The petitioners advance a number of other arguments which we mention briefly. They say that EHB was required to find that the operation of the landfill constituted a public nuisance; and that the Commonwealth was estopped by laches from enforcing the
[ 65 Pa. Commw. Page 377]
statutes because it had earlier authorized the dumping of hazardous wastes or had reports that such was happening and failed to investigate in timely fashion.
The DER's orders were issued on the authority of Section 6 of the Pennsylvania Solid Waste Management Act, Act of July 31, 1968, P.L. 788, as amended, 35 P.S. § 6006, then applicable, which authorized the issuance of orders necessary to implement that Act and by Section 316 of the Clean Streams Law, Act of June 22, 1937, P.L. 1987, as amended, 35 P.S. § 691.316, authorizing orders in correction of pollution or dangers of pollution of Commonwealth waters. Neither of these acts require a finding of a public nuisance as the precondition of the DER order or EHB's affirmance thereof.
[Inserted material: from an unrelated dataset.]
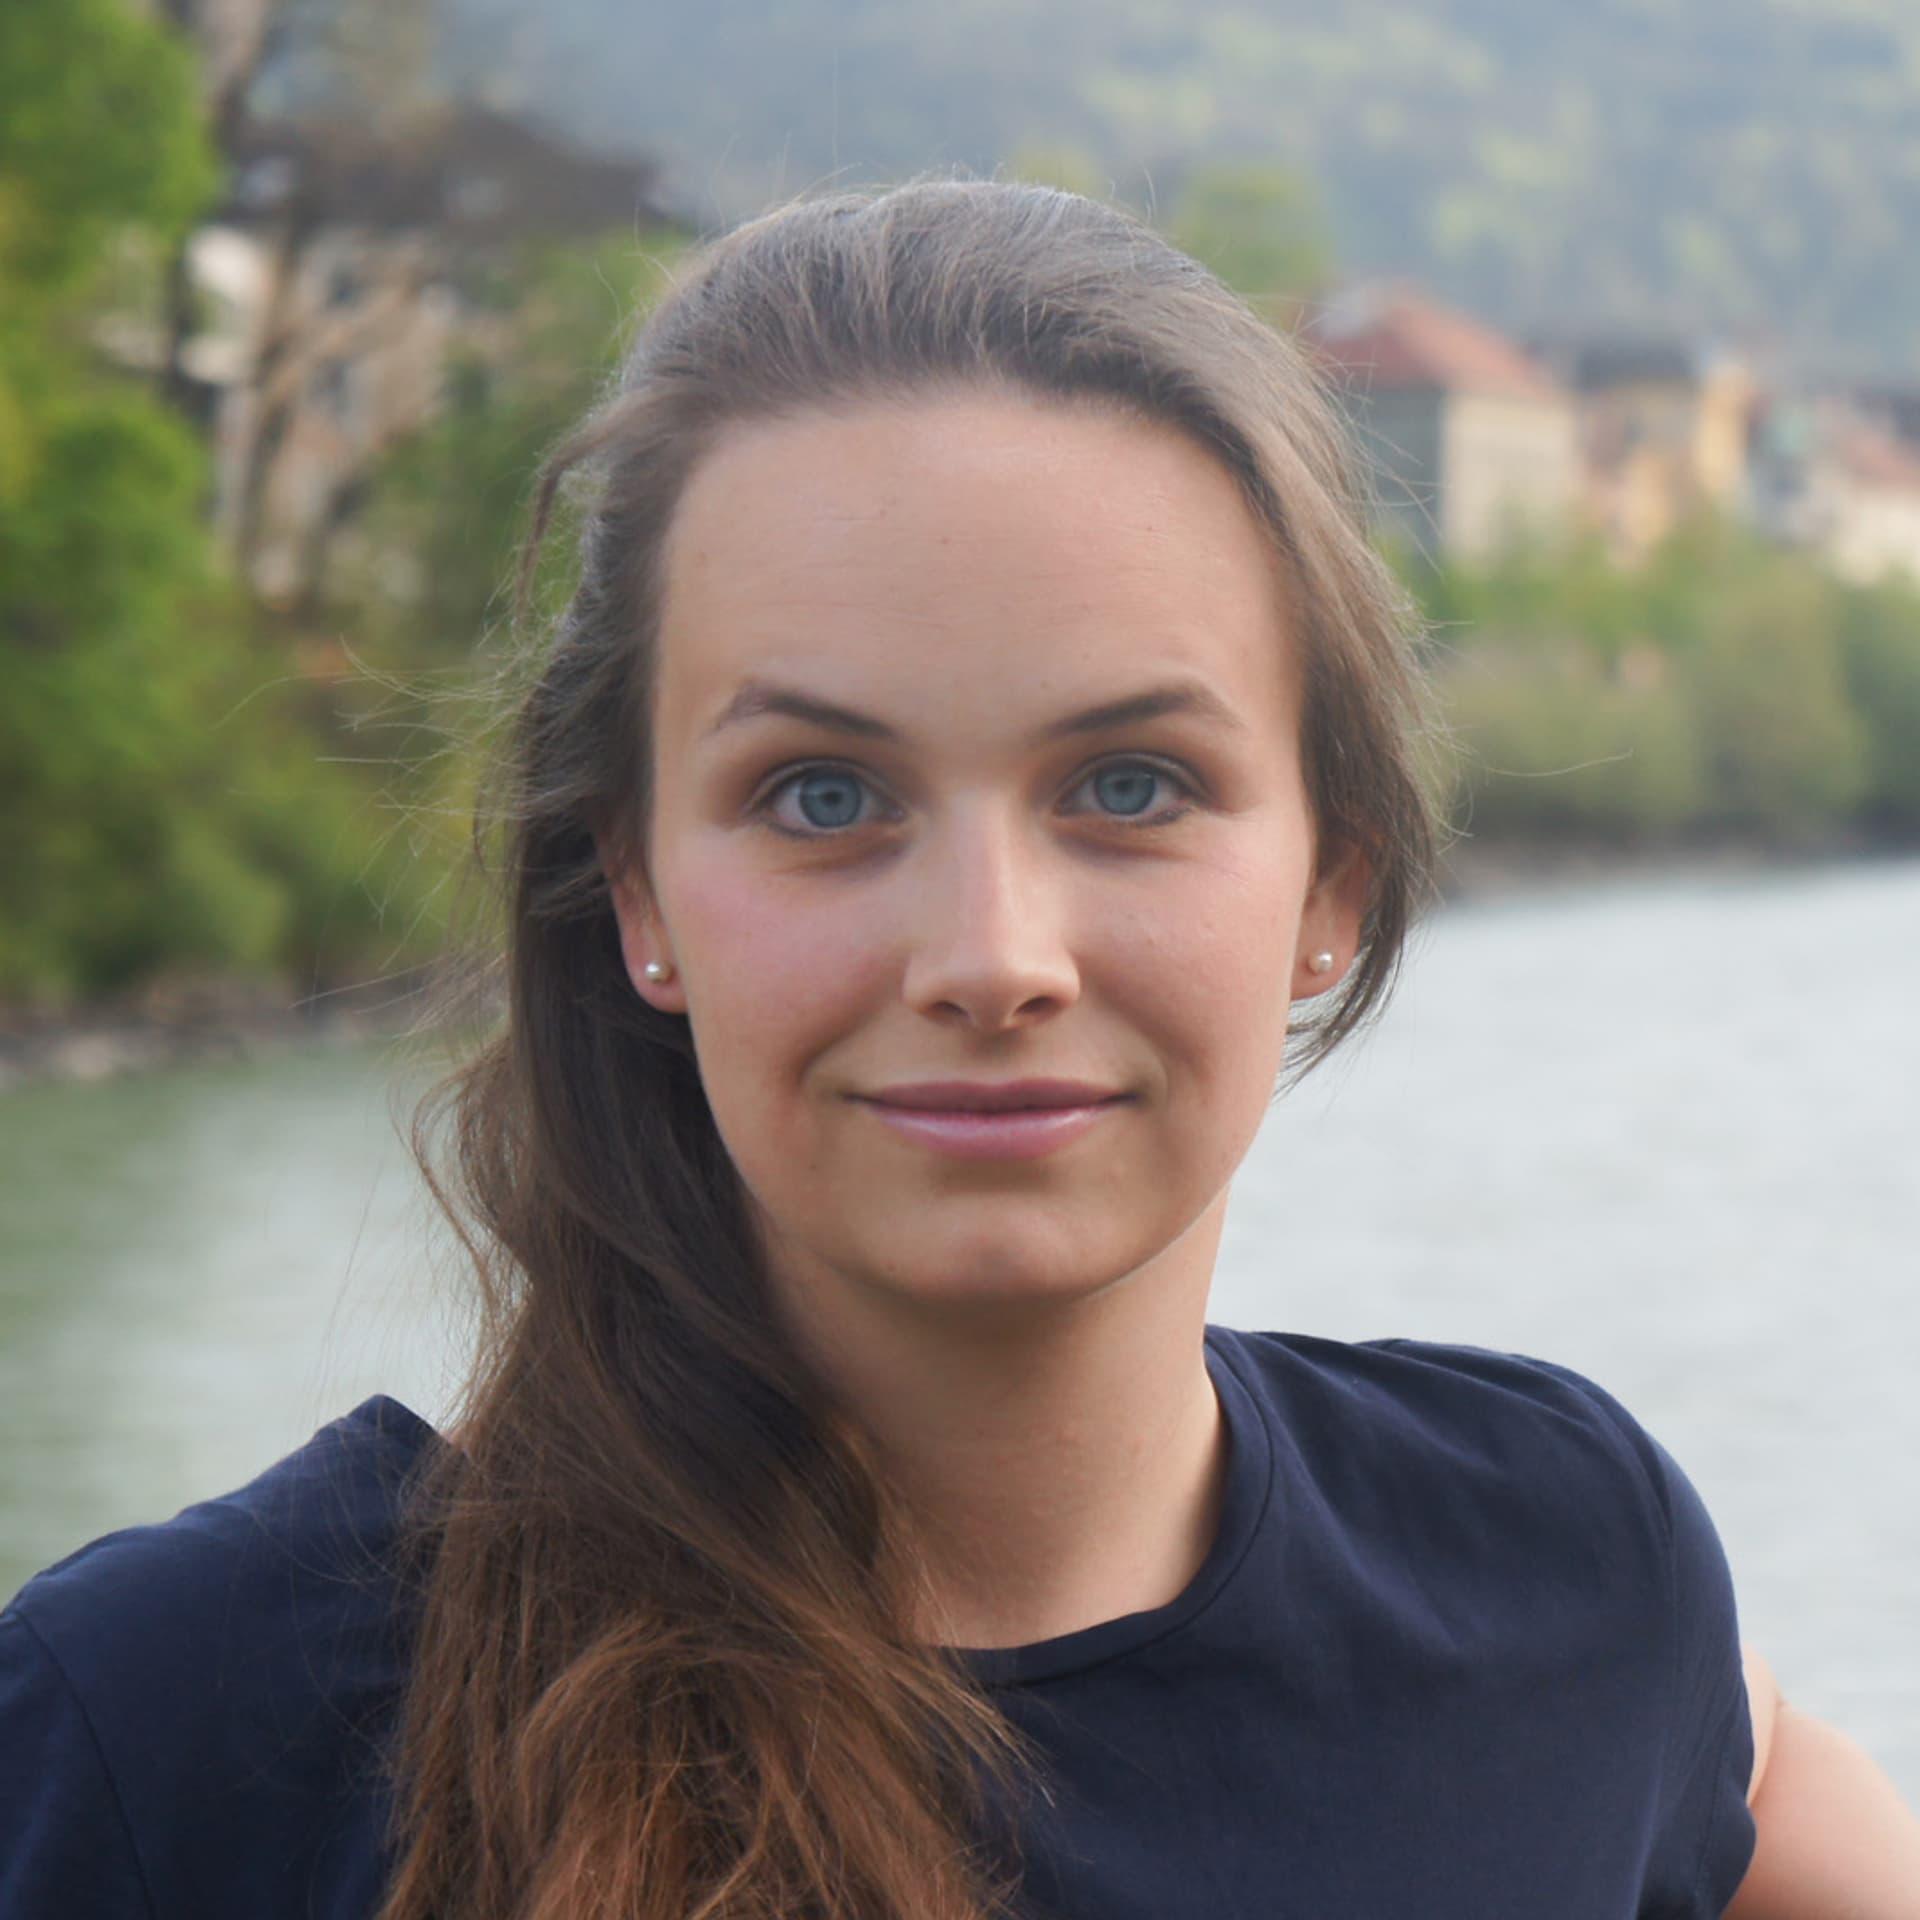 Eine braunhaarige Frau mit blauen Augen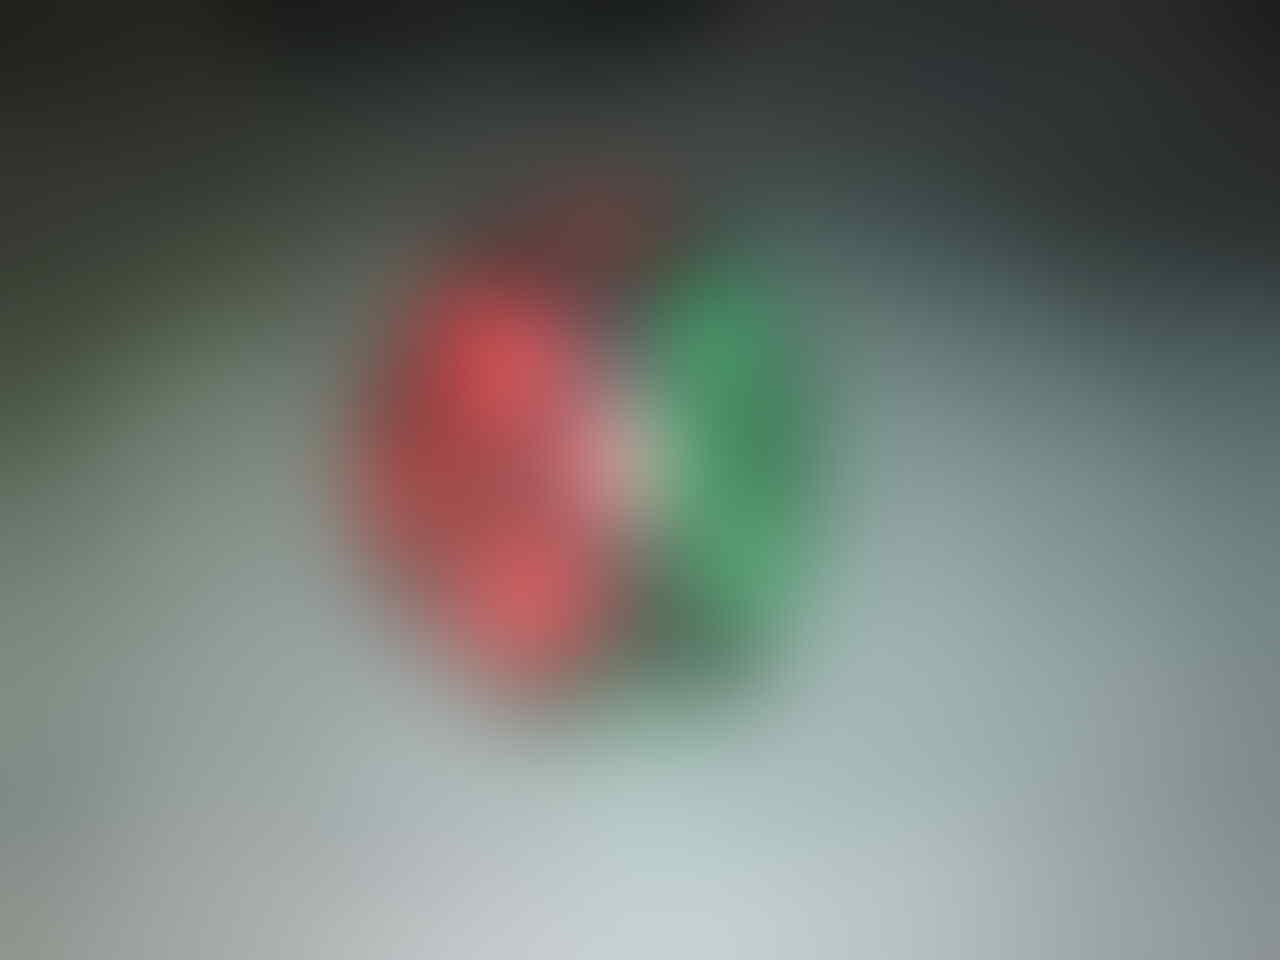 WTS cuci gudang koleksi Rubik murah

With respect to the argument that DER is somehow estopped by its asserted earlier authorization of or failing to investigate illegal dumping at the landfill from now moving against the petitioners, the record is barren of any evidence that the DER at any time sanctioned the dumping of hazardous wastes or that it was given sure information of their presence on the site. Further, in enforcing these environmental enactments DER is exercising a governmental function, so that even had its agents been mistakenly indulgent or lax in enforcing the laws, DER cannot now be prevented from performing its duty of enforcing the statutes. Commonwealth v. Western Maryland R.R. Co., 377 Pa. 312, 105 A.2d 336 (1954). See also Commonwealth of Pennsylvania, Department of Public Welfare v. UEC, Inc., 483 Pa. 503, 516, n. 6, 397 A.2d 779, 785, n. 6 (1979).
And Now, this 18th day of March, 1982, the order of the Environmental Hearing Board is affirmed.